That aside, the principle is the same: So long as the system fill volume completes a circuit over the high point and down to the returns, the net "ferris wheel" effect is the same.

"Ghost Flow" indeed is attributable to unwanted gravity flow in a forced system and when the circulator is off, correct.

Lowering or raising the speed (flow) will not effect the balance in and of itself in any system.

When a system is balanced (such as with fixed dampers in an air system or valves in a water system), the flow is "X" at a given head or inches of water in an air system. When you change the flow, the gradient changes across the system by the square of the flow. But the net effect is the same on any one branch because all started from the same point. If flow is reduced by half at the pump (or fan) and all other things remain equal, each branch will deliver half the original flow (or whatever proportion of the original it carried relative to the new sum total of the system).

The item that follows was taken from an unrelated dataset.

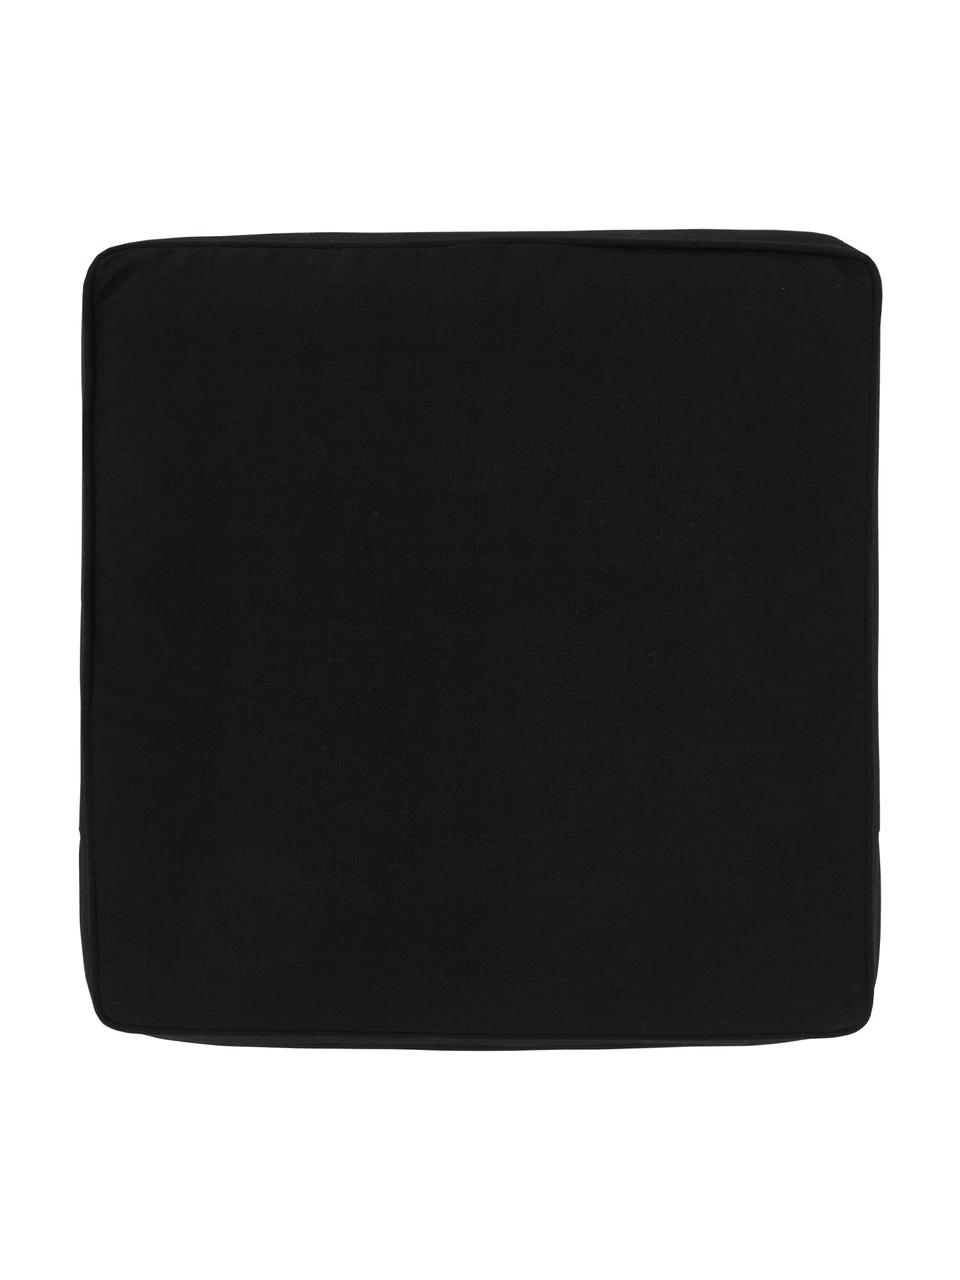 Cojín de asiento alto de algodón Zoey, Funda: 100% algodón, Negro, An 40 x L 40 cm

In a system with TRV's (or VAV boxes in an air system by analogy) there is a different dynamic afoot: Pressure. The system pressure differential changes, supply to return (or supply to atmosphere, again in an air system). The pump or fan then raises or lowers it's speed in response to the pressure change, to maintain it as a constant. Some more sophisticated systems we design actually RESET that starting pressure so as to not maintain an artificially high pressure differential. How's that?

Hope this helps, Mike- As always I enjoy the discussion!

Brad